Born Mark Anthony McDermott on October 26, 1961, in Waterbury, Connecticut, Dylan McDermott's mother passed away when he was 5 years old, leaving him in the care of his grandmother. At the age of 17, he moved to New York City to live with his father, who owned several Irish pubs in Greenwich Village.
McDermott's world opened up to the intrigue of theatre and acting when his father married successful playwright Eve Ensler. Sensing the potential of her stepson (whom she eventually adopted), Ensler wrote a part for the young McDermott into her play Believe It, See It, Survival. Shortly thereafter, he enrolled as a drama major at Fordham University, then continued studying with Sanford Meisner at the Neighborhood Playhouse.
Upon completion of his studies, Dylan McDermott dove headfirst into the New York theatre scene, making his Broadway debut in a 1985 production of Neil Simon’s Biloxi Blues. His impressive portrayal of Wykowski Selridge got him noticed, then cast in director John Irvin's raw Vietnam drama Hamburger Hill, for which he had to undergo several months of rigorous military training to prepare. Unfortunately, McDermott followed up his effective performance with several lukewarm roles: the 1988 comedies The Blue Iguana and Twister, and television's The Neon Empire and Into the Badlands were all duds. This would set the pattern of McDermott's roller-coaster ride of a career for the next few years-alternating successes with disappointments.
Career Ups and Downs
McDermott's next film role, in 1989's Steel Magnolias, pushed him into the spotlight as both the on-and-off-screen love interest of the comely Hollywood newcomer Julia Roberts. Their engagement following completion of the film ended abruptly when Roberts fell for co-star Keifer Sutherland on the set of her next film, Flatliners. Despite the incident, the movie's success made McDermott a recognizable Hollywood name. The actor subsequently weathered more flops with Hardware and Where Sleeping Dogs Lie to finally capture a small but exciting role alongside Clint Eastwood in the critically acclaimed action/drama, In the Line of Fire.

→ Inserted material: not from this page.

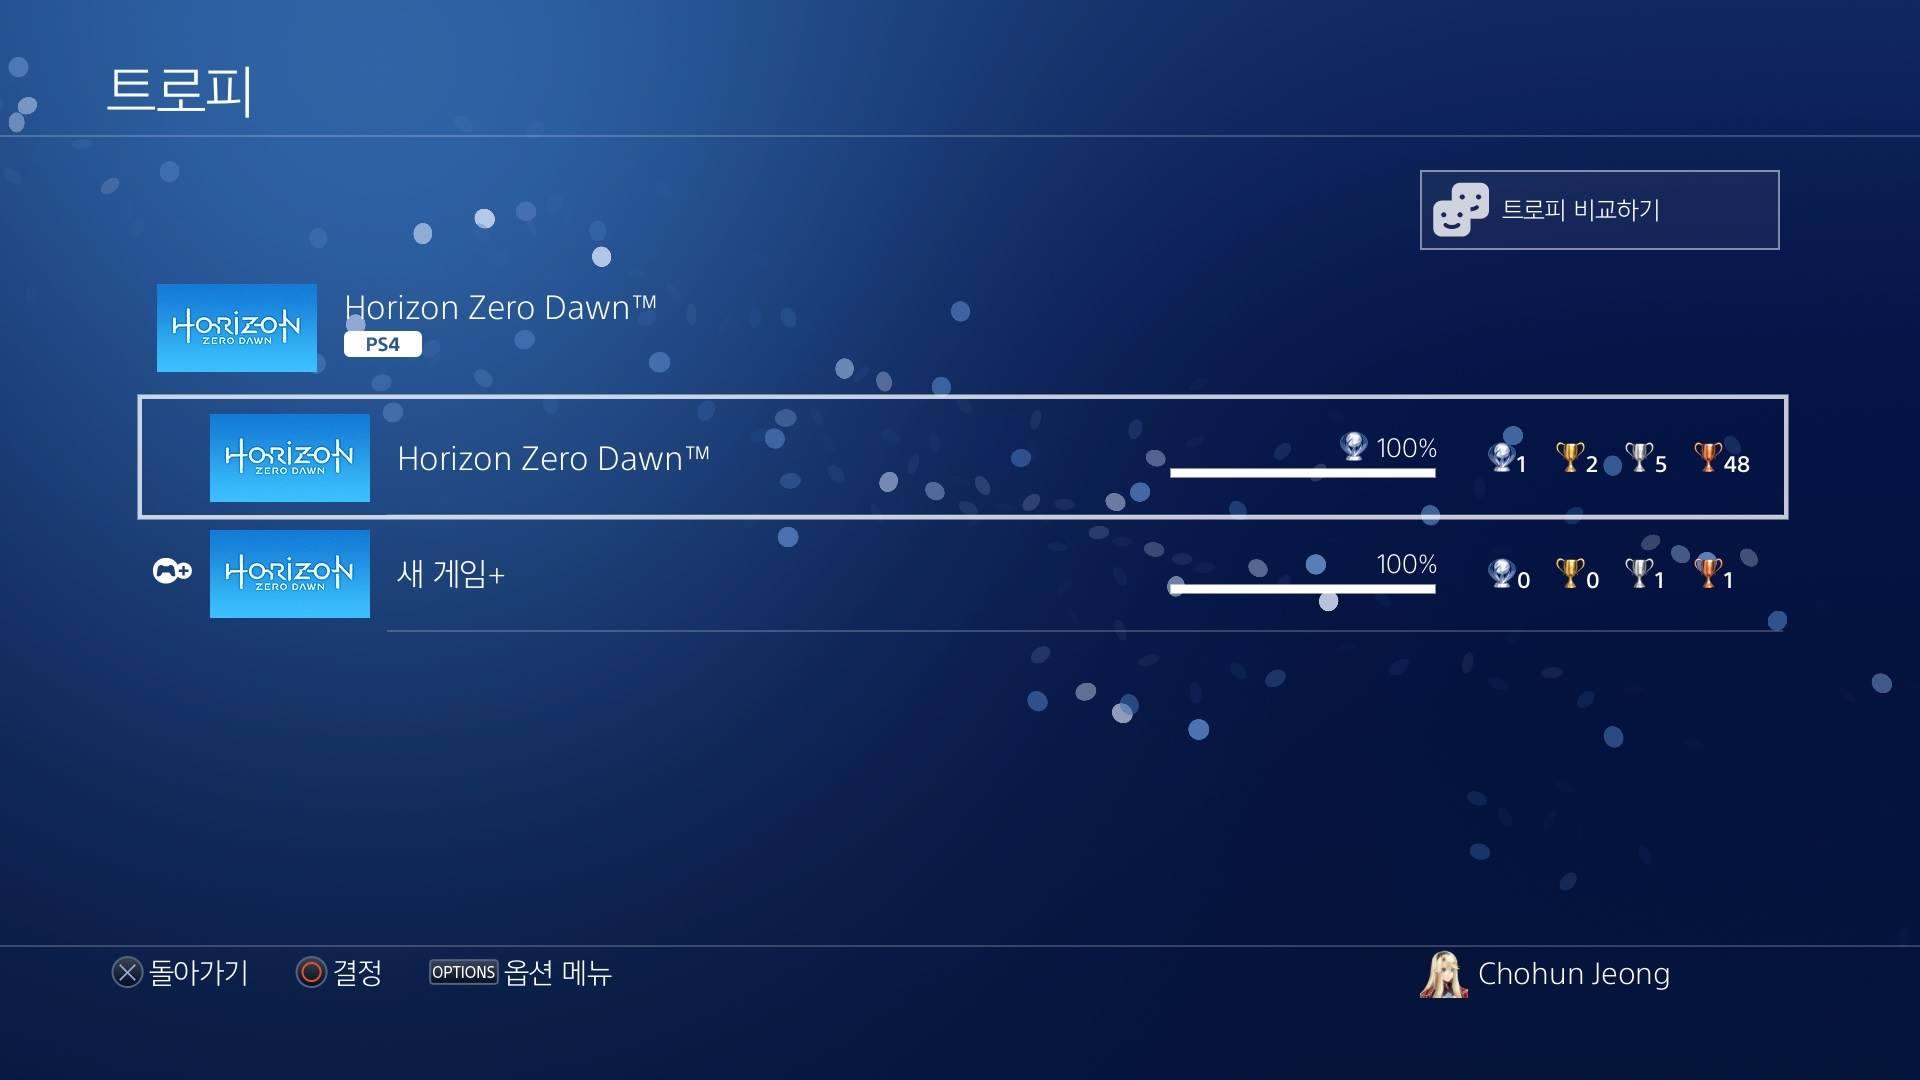 PS4 - 호라이즌 제로 던 올 트로피 획득

Unfortunately, the pendulum swung once again, and McDermott made yet more unfavorable career moves, appearing in a 1994 John Hughes remake of Miracle on 34th Street and alongside romantic foe Keifer Sutherland in the foolish comedy, The Cowboy Way. A well-received turn as Holly Hunter's romantic interest in Jodie Foster's Home for the Holidays was notable among such box-office disasters as Destiny Turns on the Radio, 'Til There was You, and Three to Tango with Neve Campbell and Matthew Perry.
However in 1997, fortune finally smiled on Dylan McDermott in the form of a role on the hit TV drama The Practice. Playing defense lawyer Bobby Donnell, the head of a small Boston law firm, McDermott immediately attracted favorable attention and garnered a Golden Globe award and an Emmy nomination. The show, produced by David E. Kelley, has become increasingly popular and survived several seasons despite fierce competition, winning an Emmy and a Golden Globe in 1999 for best drama series. However, in 2003, McDermott and five other cast members of The Practice left the series after Kelley decided not to pick up their options in an effort to reduce the show's budget.
In 1995, McDermott married theatre actress Shiva Afshar, whom he met in a Santa Monica coffee shop. He claims that he immediately knew she was "the one." Two children later, McDermott and Ashfar were separated in 2007.